## Provided material
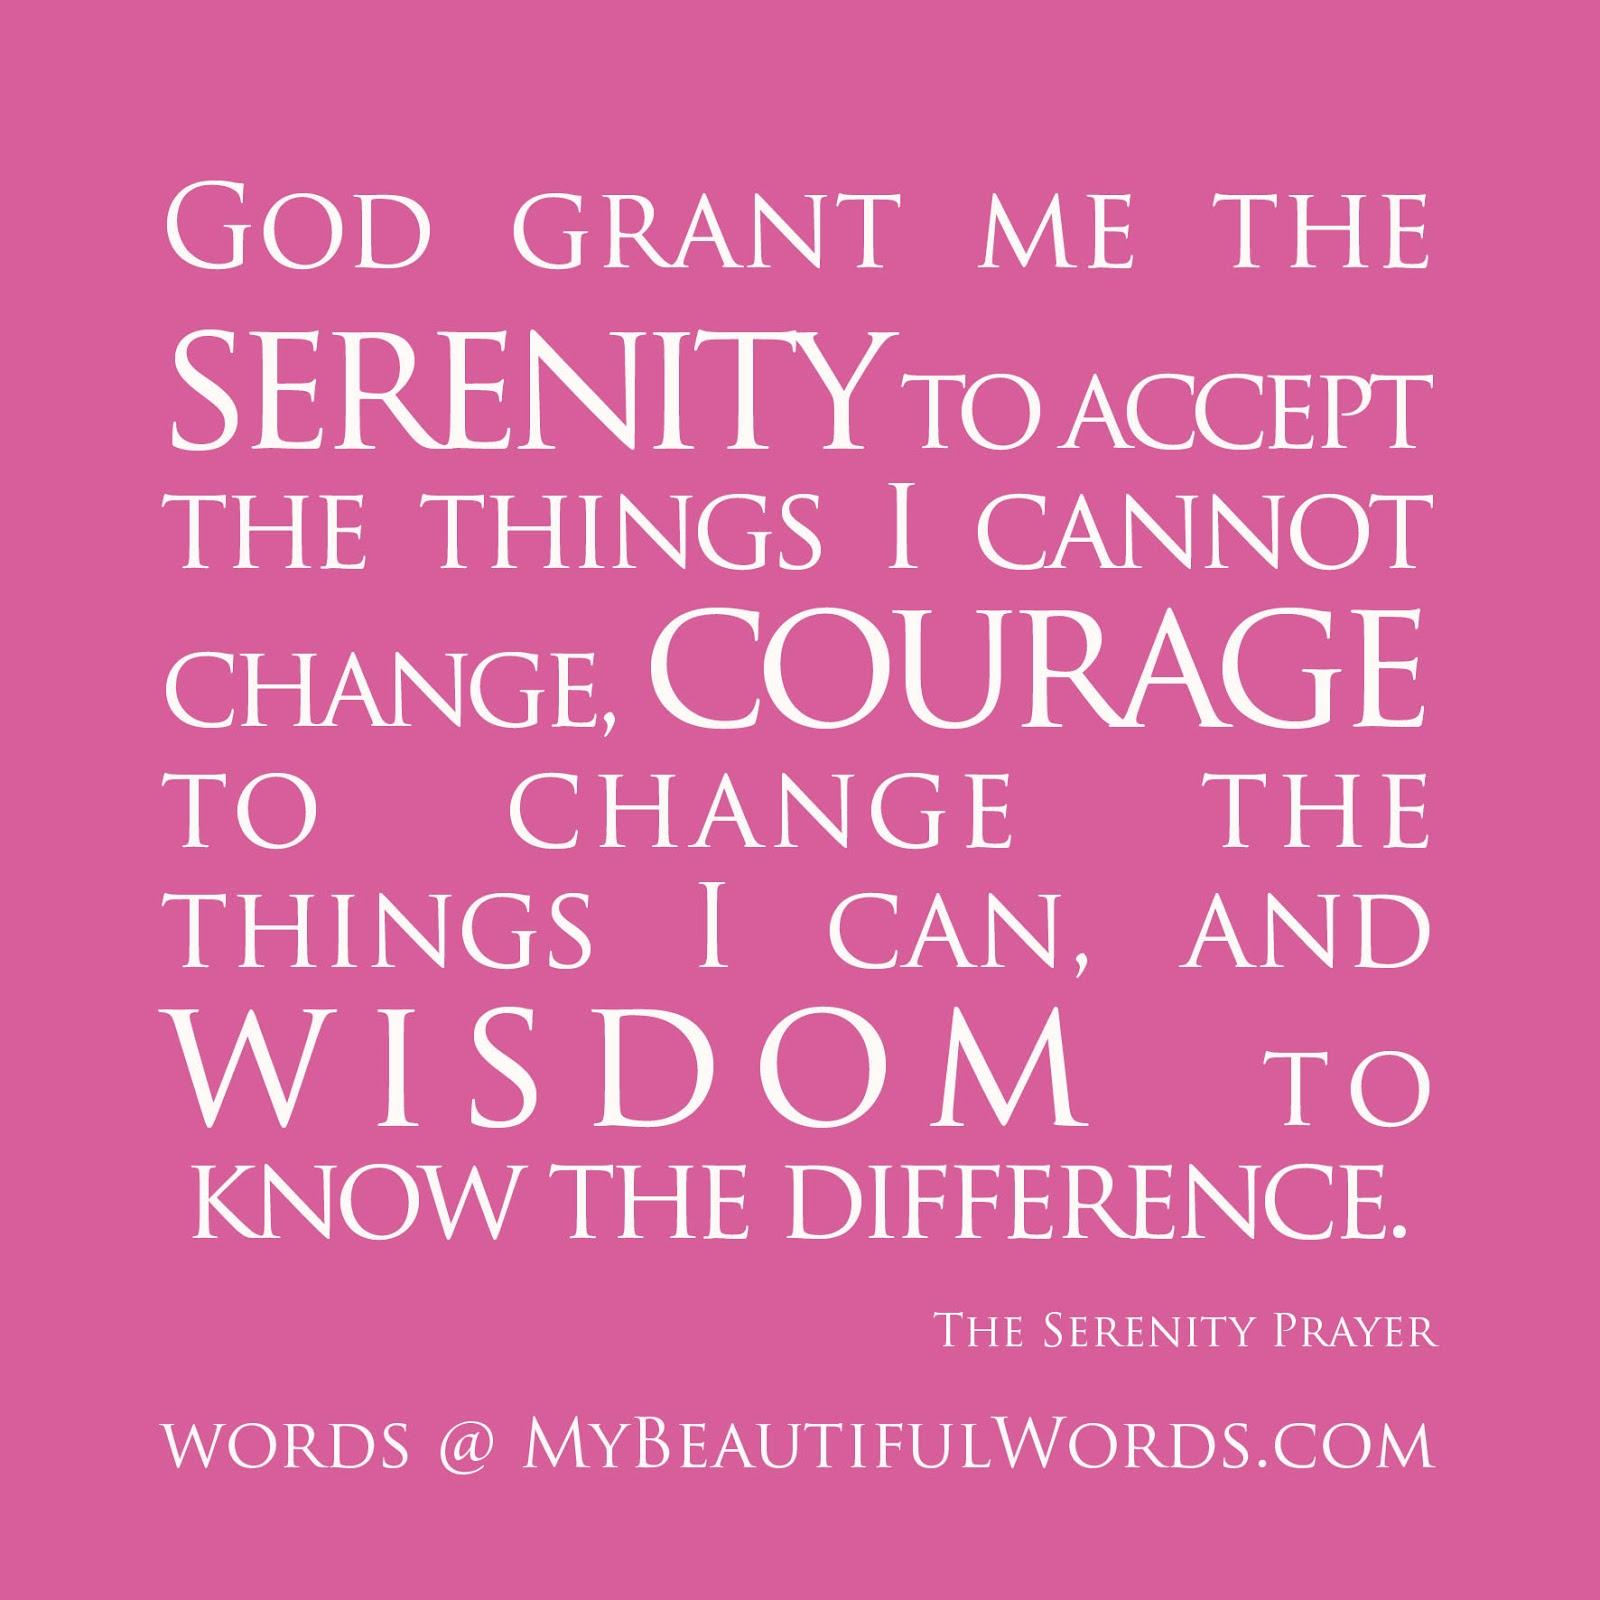 My Beautiful Words.: The Serenity Prayer...
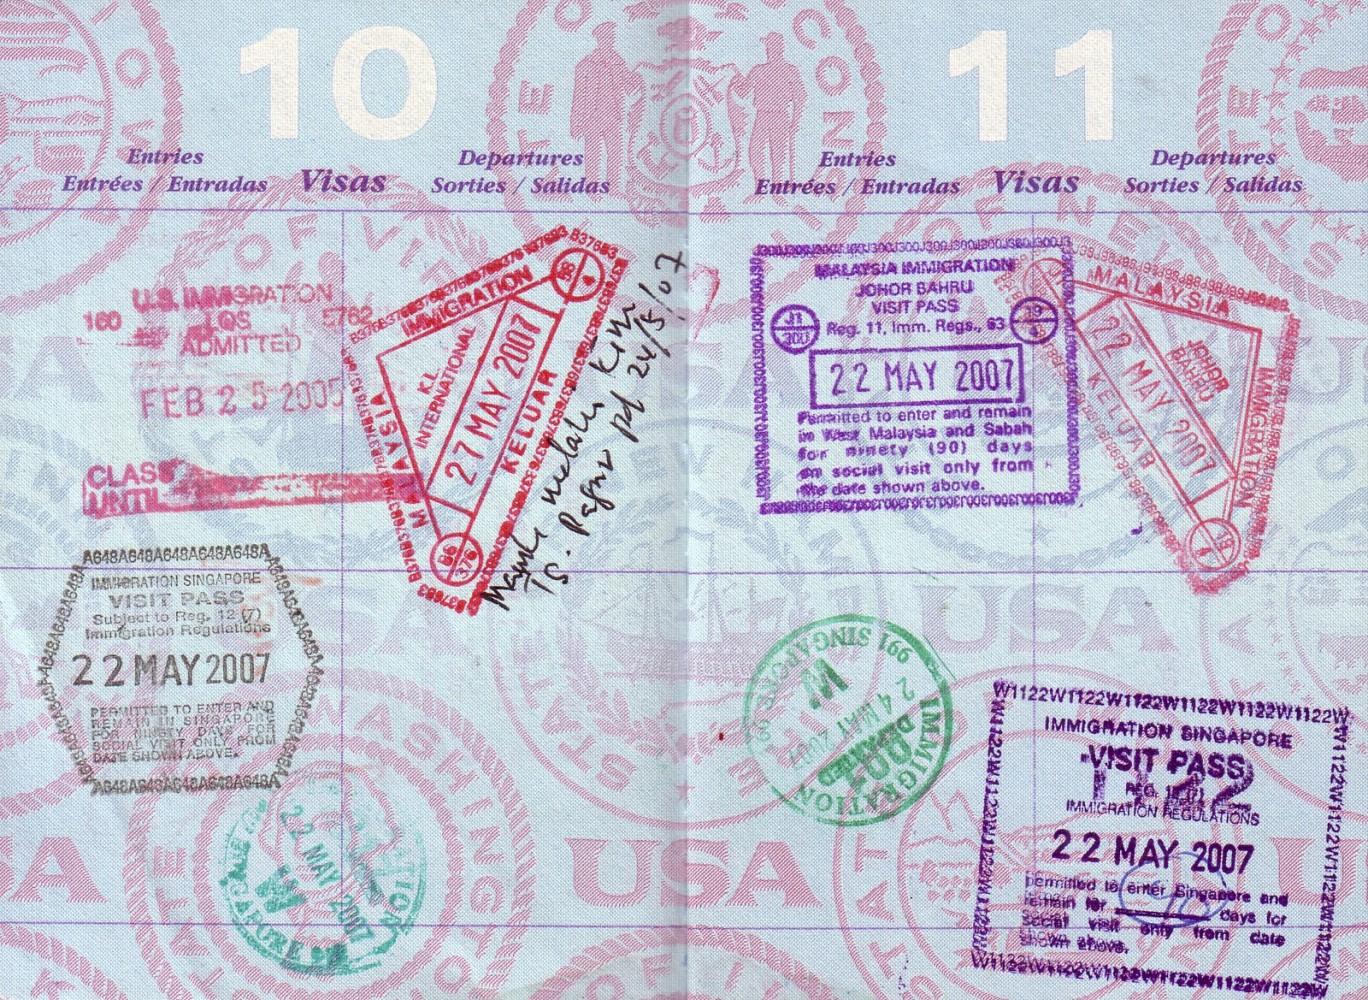 Visa image
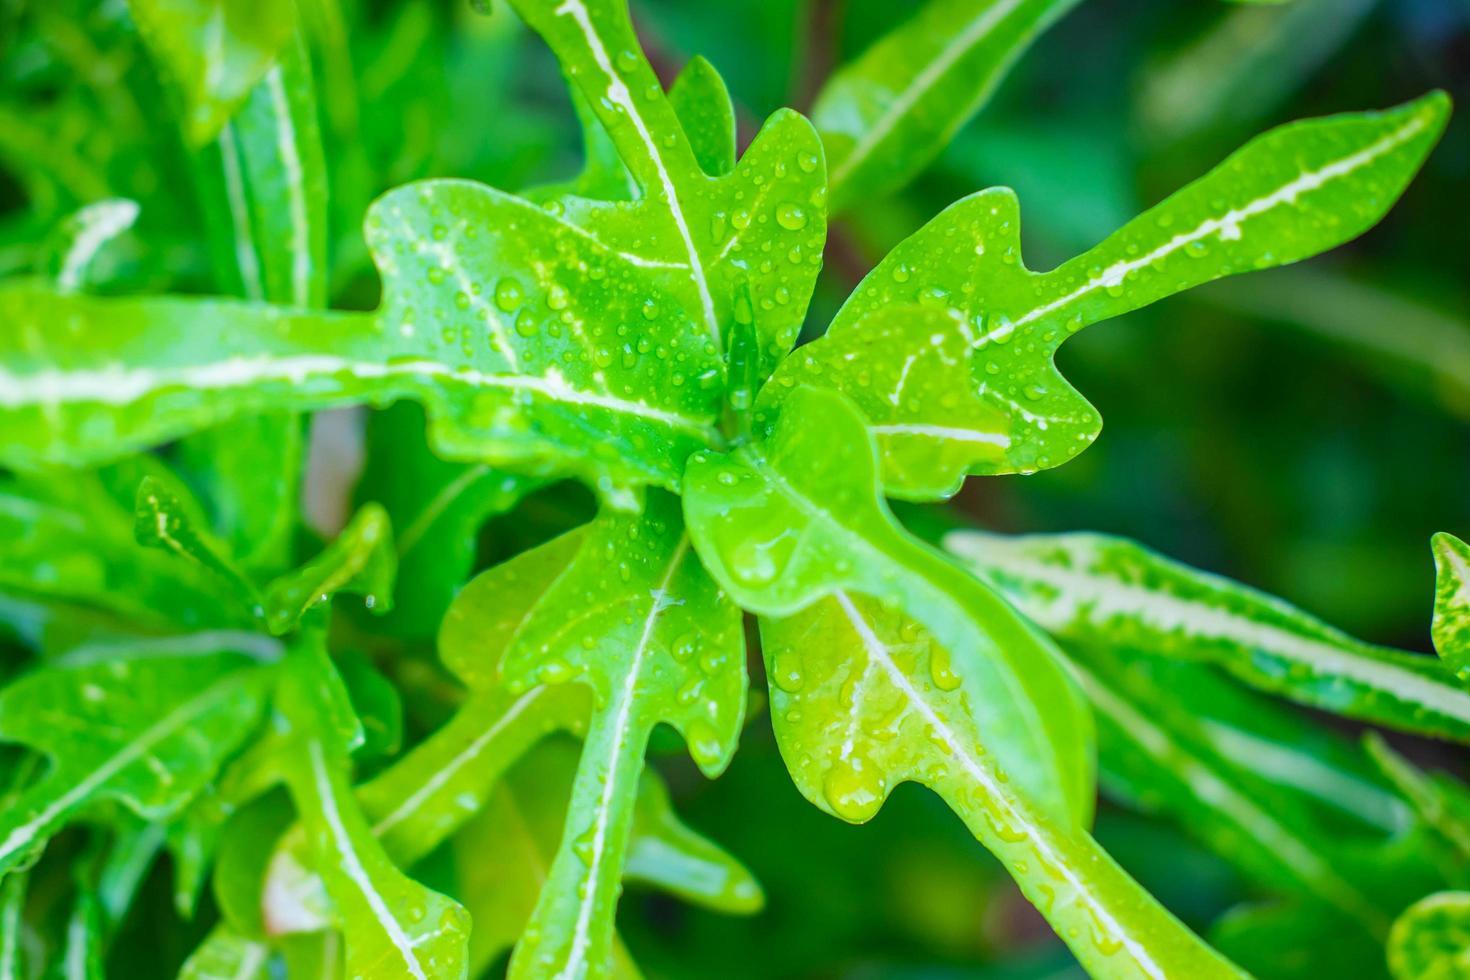 vattendroppar på bladen under regnperioden foto

## Assignment
Copy the listing exactly. Leave the pictures out.

## Written solution
 My Beautiful Words.: The Serenity Prayer...
 Visa image
 vattendroppar på bladen under regnperioden foto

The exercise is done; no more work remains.